- Directed by: Menahem Golan
- Written by: Menahem Golan
- Produced by: Menahem Golan
- Starring: Laurence Harvey Yehuda Barkan Josephine Chaplin Jack Hawkins
- Cinematography: David Gurfinkel
- Edited by: Alfred Srp
- Music by: Dov Seltzer
- Production companies: Comacico Noah Films
- Distributed by: Cinevision (U.S.)
- Release date: 31 October 1972 (U.S.);
- Running time: 118 minutes
- Countries: France Israel
- Language: English

= Escape to the Sun =

1972 film

Escape to the Sun is a 1972 drama film written, produced, and directed by Menahem Golan and starring Laurence Harvey, Josephine Chaplin, John Ireland, Lila Kedrova and Jack Hawkins. The film was a co-production of Israel, France and West Germany.

The screenplay was written by Menahem Golan and Yosef Gross, based on a short story by Uri Dan. The plot centers around a group of Jews attempting to hijack a plane to escape from a police state. The country's name is not mentioned in the film, but it is clear that it refers to the Soviet Union.

The storyline is inspired by Operation Wedding, a documentary about the Dymshits–Kuznetsov hijacking affair, when a group of Jews, including refusal-to-emigrate individuals and human rights activists in the Soviet Union hijack an empty civilian plane on June 15, 1970. However, the resemblance between the two is minimal.

The film was shot in West Berlin and Norway.

==Plot==
A group of people wish to flee the Soviet Union to escape anti-semitism and political repression, but their activities soon attract the attention of the KGB secret police.

Yasha Barazov (Yehuda Barkan) is an outstanding Jewish medical student nearing the completion of his studies. He faces antisemitism at the university, primarily from the student Grisha (Hartmond Heinricks), and therefore requests permission to immigrate to the United States, where his mother lives. As a result, he is expelled from the university, and even his landlady kicks him out.

Yasha is engaged to Nina Kaplan (Josephine Chaplin), who lives with her mother Sarah (Lila Kedrova). Sarah spent 10 years in exile in Siberia, where her husband disappeared. Both Nina and Sarah have applied for immigration.

Major Kirsonov (Laurence Harvey) is a senior investigator working to reject their immigration requests.

Yasha meets at the house of the banned writer Alexei Baburin (Jack Hawkins), whose books are distributed in the West but banned in his own country. Present at the meeting are also scientist Professor Abramovich (Peter Copley) and former pilot Kagan (John Ireland). Kagan was a decorated combat pilot but was dismissed after requesting to emigrate.

All these meetings are being monitored by Kirsonov's secret police. The group is joined by the Jewish photographer Romik (Yehuda Afroni), who was once an informant for the police. He is arrested and subjected to violent interrogation.

Kirsonov falls in love with Nina and seeks to separate her from Yasha. Yasha receives an immigration permit, but the day before, they begin to marry secretly so Nina can later apply for family reunification. They marry in secret and spend the night at the Kaplan apartment, while Sarah spends the night at a tavern with a drunk (Caleb Rebel).

The next day, they say goodbye to Yasha, who boards the plane but is arrested, imprisoned, and tortured to reveal the plans of the group he met. After some time, he is released but is still under surveillance.

The group's plan is for Kagan and Romik to hijack a passenger plane, and Kagan will land it at a specific airport where the escapees will board. The plan is known to the police, and Kagan, who tries to enter the cockpit, is immediately arrested, while Romik commits suicide by shooting himself.

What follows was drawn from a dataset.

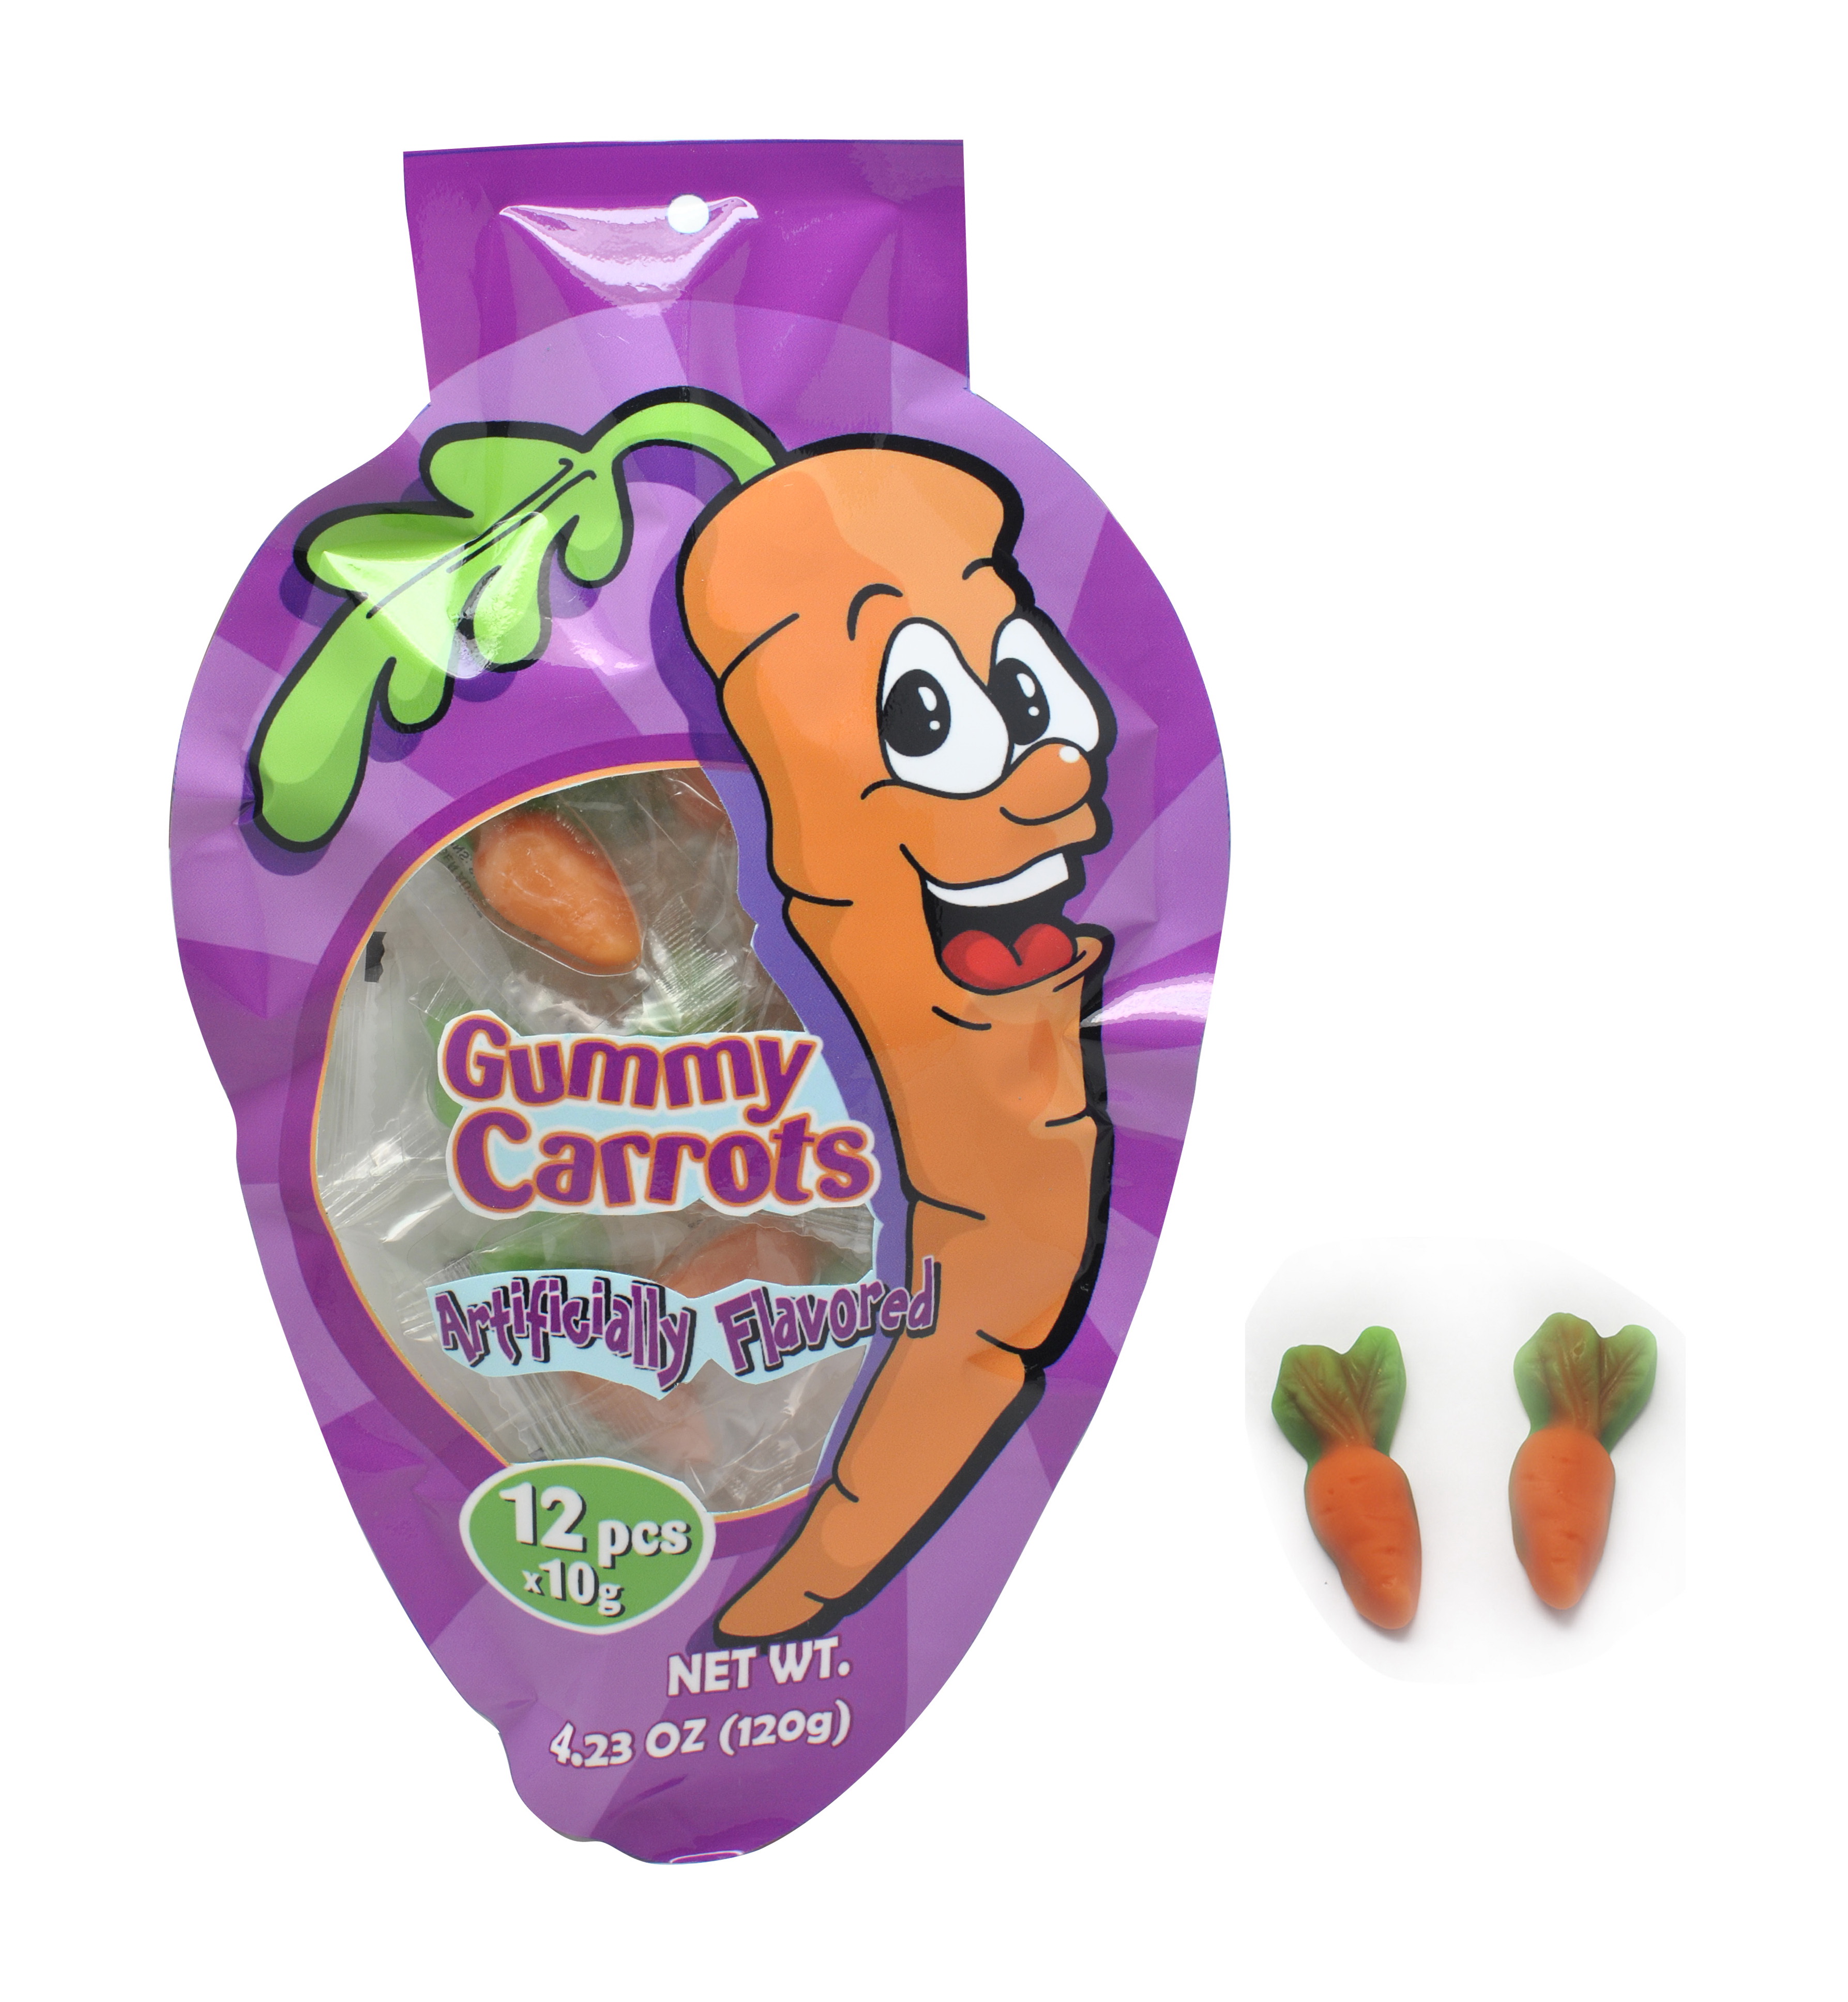 Gummy Carrot in cute shape bag by Shenzhen Amos Sweets & Foods Co., Ltd.

The plane lands, and the police burst in and arrest the group of escapees. Nina and Yasha manage to flee, but Yasha is shot. They continue through the snow toward the border, but Yasha's strength wanes, and he dies in the snow.

The judge (Gila Almagor) accuses the group members of betrayal. Kagan and Abramovich are sentenced to death, Sarah and Mrs. Abramovich are sentenced to ten years of hard labor, and Baburin is sentenced to long-term hospitalization in a psychiatric institution.

==Cast==
- Laurence Harvey as Major Kirsalov
- Josephine Chaplin as Nina Kaplan
- John Ireland as Jacob Kaplan
- Lila Kedrova as Sarah Kaplan
- Jack Hawkins as Baburin
- Yehuda Barkan as Yasha Bazarov
- Yehuda Efroni as Romek
- Peter Capell as Professor Abramowiz

==Production==
The film is based on a short story by author Uri Dan, and in turn based loosely on the events of the June 1970 Dymshits–Kuznetsov hijacking affair, in which a group of mostly Jews and two non-Jews unsuccessfully attempted to steal a Soviet airplane and fly it to freedom.